[Python-Dev] The recursion checking problem

Sat Aug 30 22:06:00 CEST 2008

Hi,

I was working on a recursion overflow checking bug
(http://bugs.python.org/issue2548) and, while I've managed to produce a working
patch, I've also become uncomfortable with the very idea of trying to plug all
those holes just for the sake of plugging them. I'll try to explain why, by
describing the conflicting factors I've identified:

- more and more, we are adding calls to Py_EnterRecursiveCall() and
Py_LeaveRecursiveCall() all over the interpreter, to avoid special/obscure
cases of undetected infinite recursion; this can probably be considered a good
thing, but:

- after a recursion error has been raised (technically a RuntimeError), usually
some code has to do cleanup after noticing the exception; this cleanup now can
very easily bump into the recursion limit again, due to the point mentioned
above (the funniest example of this is PyErr_ExceptionMatches, which makes a
call to PyObject_IsSubclass which itself increases the recursion count because
__subclasscheck__ can be recursively invoked...).

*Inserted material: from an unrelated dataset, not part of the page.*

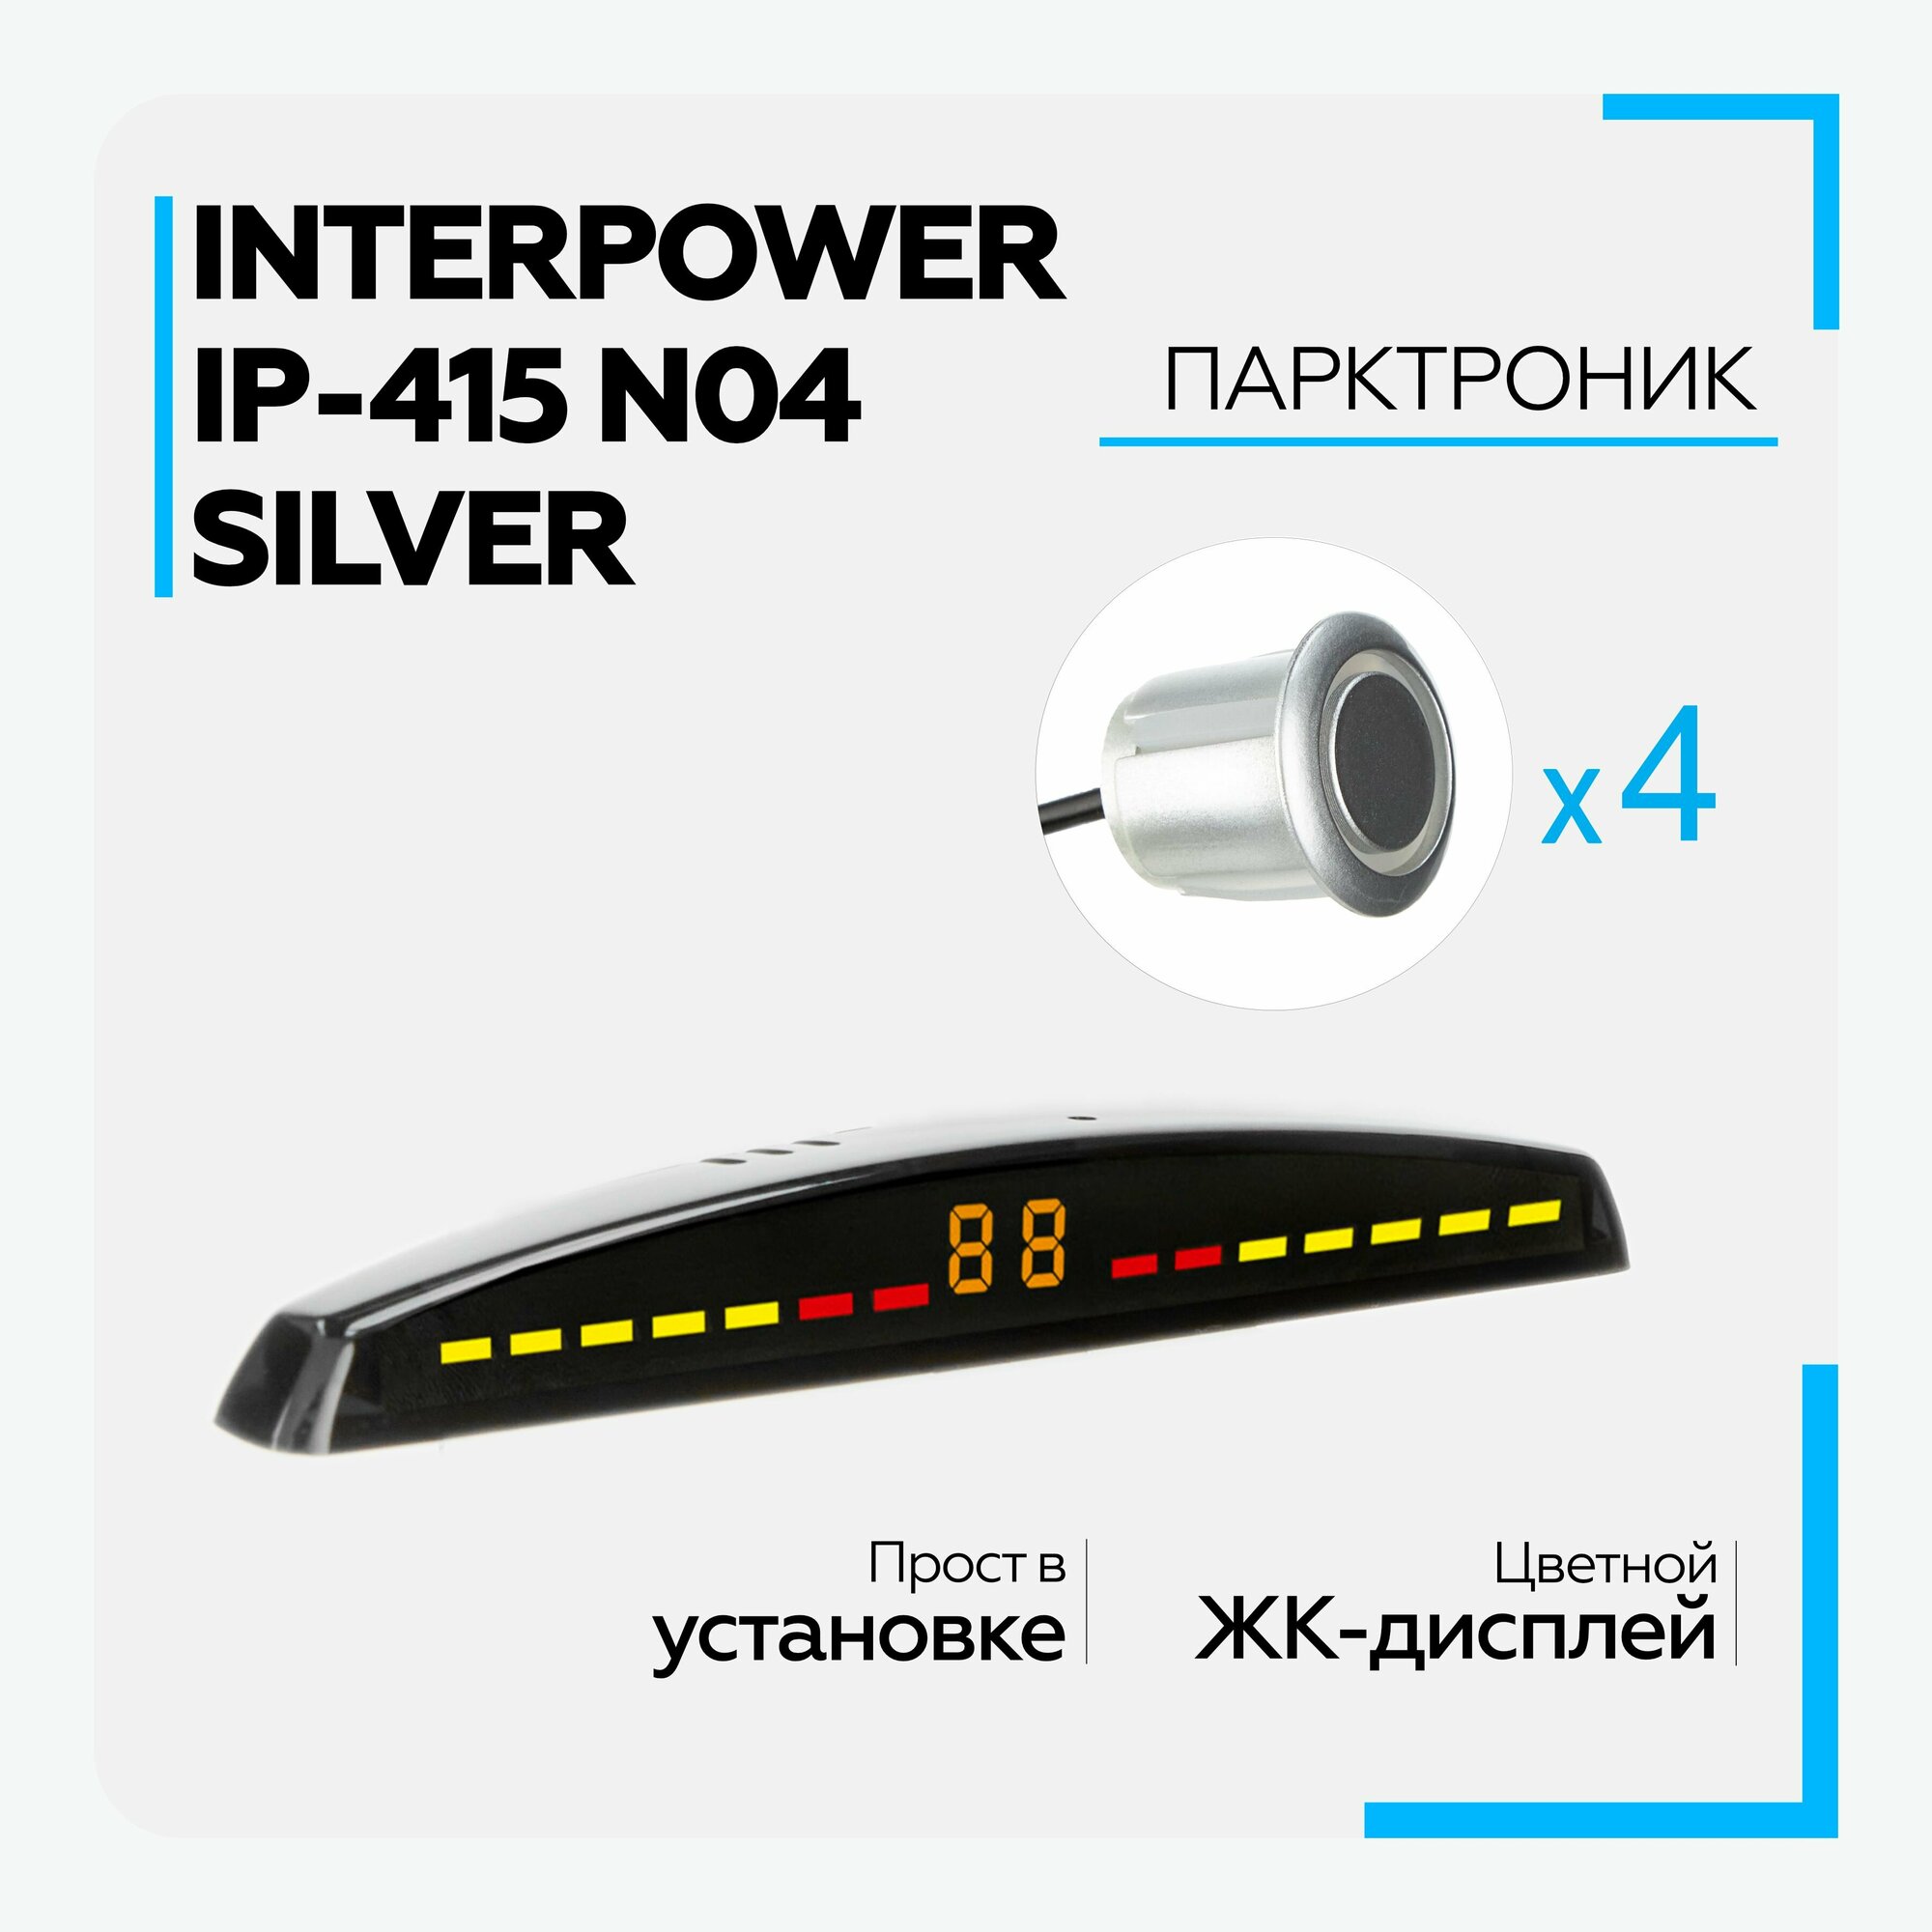 Парктроник (Interpower) IP-415 N04 Silver для заднего и переднего бампера, 4 датчика, цвет серебристый, 19мм, с цветным дисплеем

- to counter the latter problem, py3k has introduced a somewhat smarter
mechanism (which I've tracked down to a commit in the defunct p3yk branch by
Martin): when the recursion limit is exceeded, a special flag named
"overflowed" is set in the thread state structure which disables the primary
recursion check, so that cleanup code has a bit of room to increase the
recursion count a bit. A secondary recursion check exists (equal to the primary
one /plus/ 50) and, if it is reached, the interpreter aborts with a fatal error.
The "overflowed" flag is cleared when the recursion count drops below the
primary recursion limit /minus/ 50. Now it looks rather smart but:

- unfortunately, some functions inside the interpreter discard every exception
by design. The primary example is PyDict_GetItem(), which is certainly used
quite a lot :-)... When PyDict_GetItem() returns NULL, the caller can only
assume that the key isn't in the dict, it has no way to know that there was a
critical problem due to a recursion overflow.

I encountered the latter problem when trying to backport the py3k recursion
overflow algorithm to trunk. A fatal error suddenly appeared in test_cpickle,
and it turned out that the recursion count was exceeded in
PyObject_RichCompare(), the error was then cleared in PyDict_GetItem(), but the
"overflowed" flag was still set so that a subsequent recursion overflow would
trigger the secondary check and lead to the fatal error.

I guess that, if it doesn't happen in py3k, it's just by chance: the recursion
overflow is probably happening at another point where errors don't get
discarded. Indeed, the failure I got on trunk was manifesting itself when
running "regrtest.py test_cpickle" but not directly "test_cpickle.py"... which
shows how delicate the recursion mechanism has become.

My attempt to solve the latter problem while still backporting the py3k scheme
involves clearing the "overflowed" flag in PyErr_Clear(). This makes all tests
pass ok, but also means the "overflowed" flag loses a lot of its meaning...
since PyErr_Clear() is called in a lot of places (and, especially, in
PyDict_GetItem()).

Also, at this point I fear that the solution to the problem is becoming,
because of its complexity, perhaps worse than the problem itself. That's why
I'm bringing it here, to have your opinion.

(I also suggest that we stop trying to fix recursion checking bugs until the
stable release, so as to give us some time to do the Right Thing later - if
there is such a thing)

Regards

Antoine.